DATA EXTRACT:
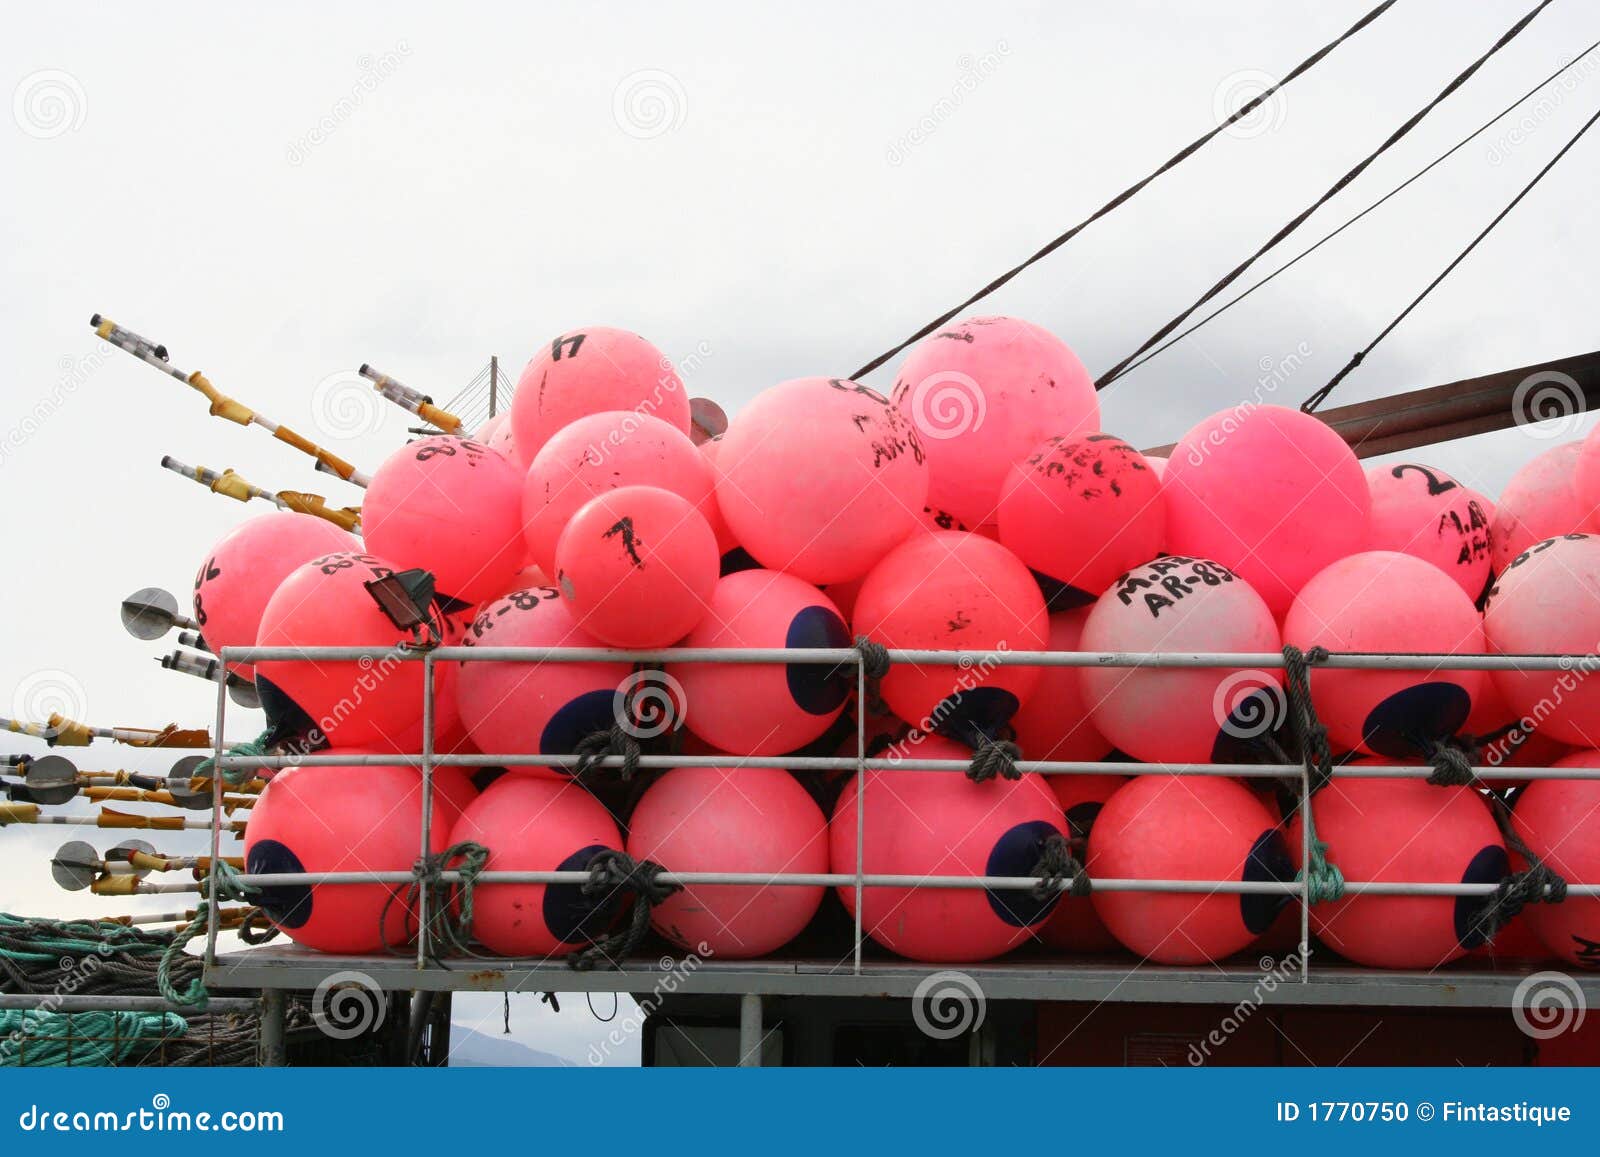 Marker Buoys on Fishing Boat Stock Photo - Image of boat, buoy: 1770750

---

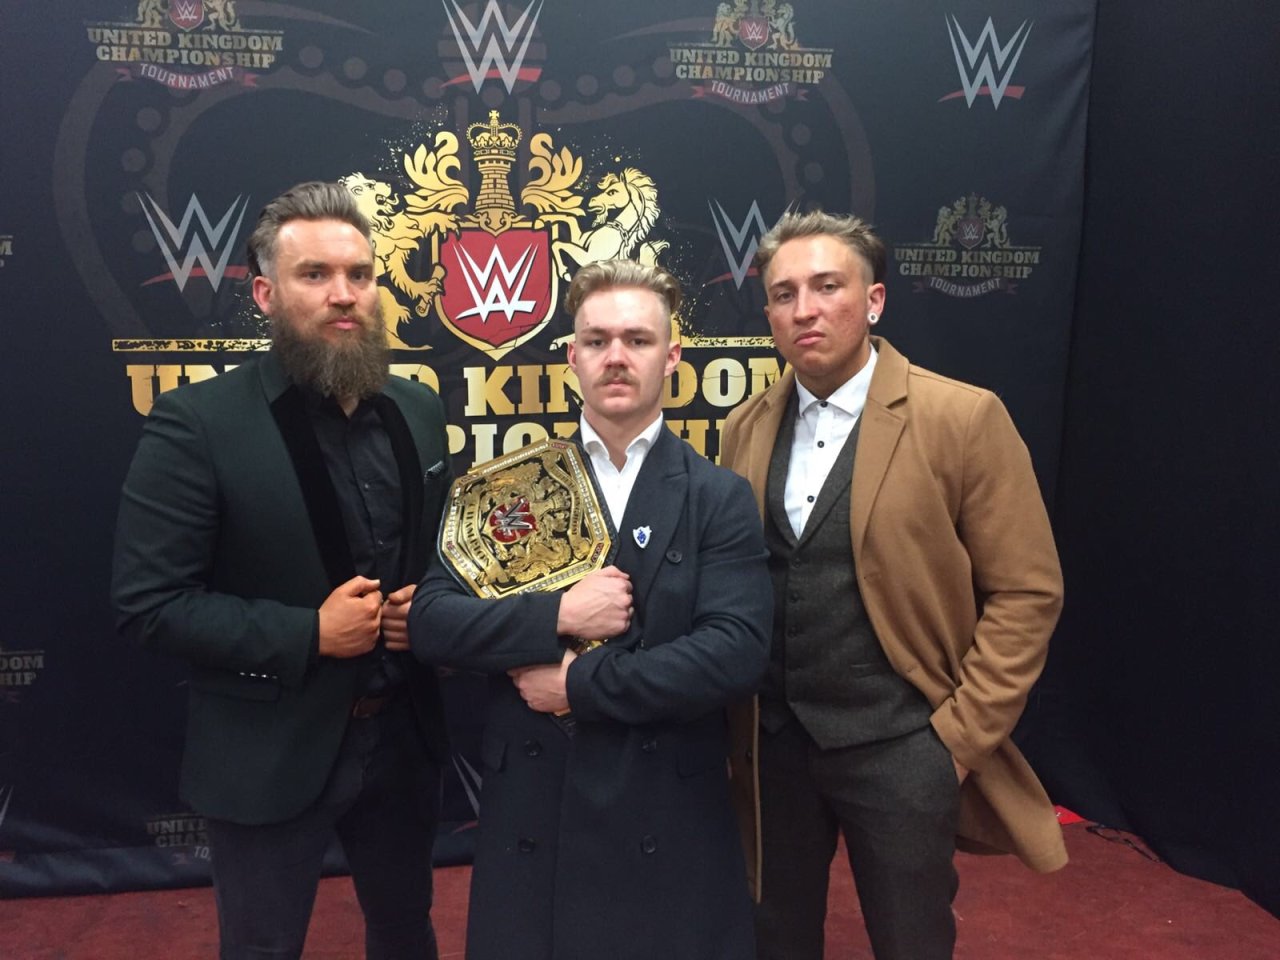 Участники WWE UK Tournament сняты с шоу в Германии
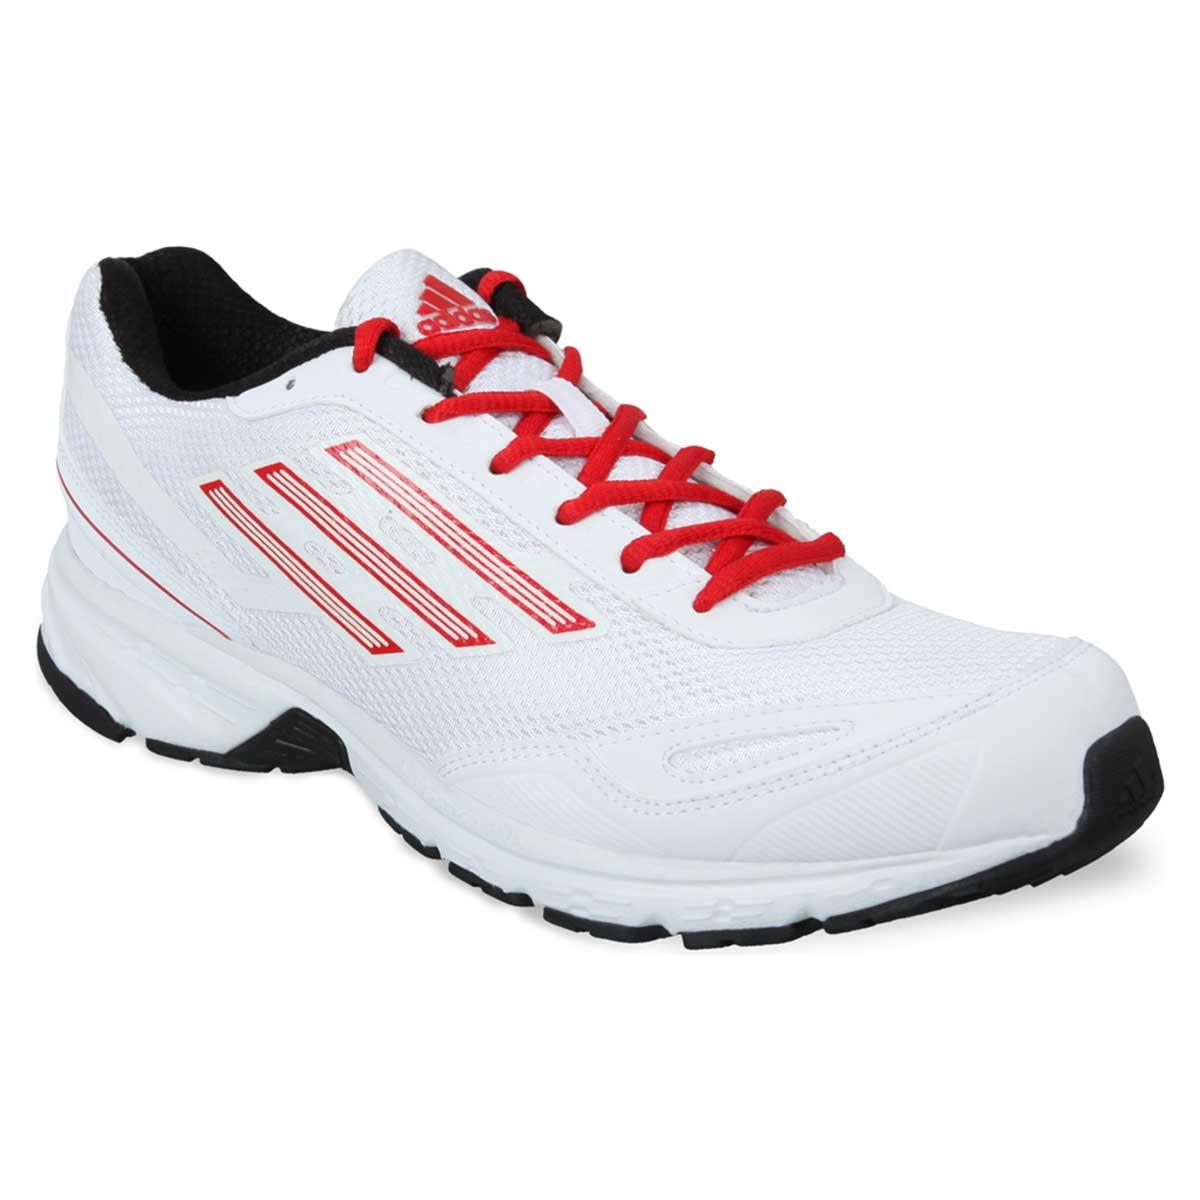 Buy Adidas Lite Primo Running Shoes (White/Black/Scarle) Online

EXERCISE GOAL: Using the records above, repeat exactly the run of lines that starts with the line with "Участники WWE UK" and goes on through the line with "Buy Adidas Lite"; omit each picture.

FINISHED EXERCISE:
 Участники WWE UK Tournament сняты с шоу в Германии
 Buy Adidas Lite Primo Running Shoes (White/Black/Scarle) Online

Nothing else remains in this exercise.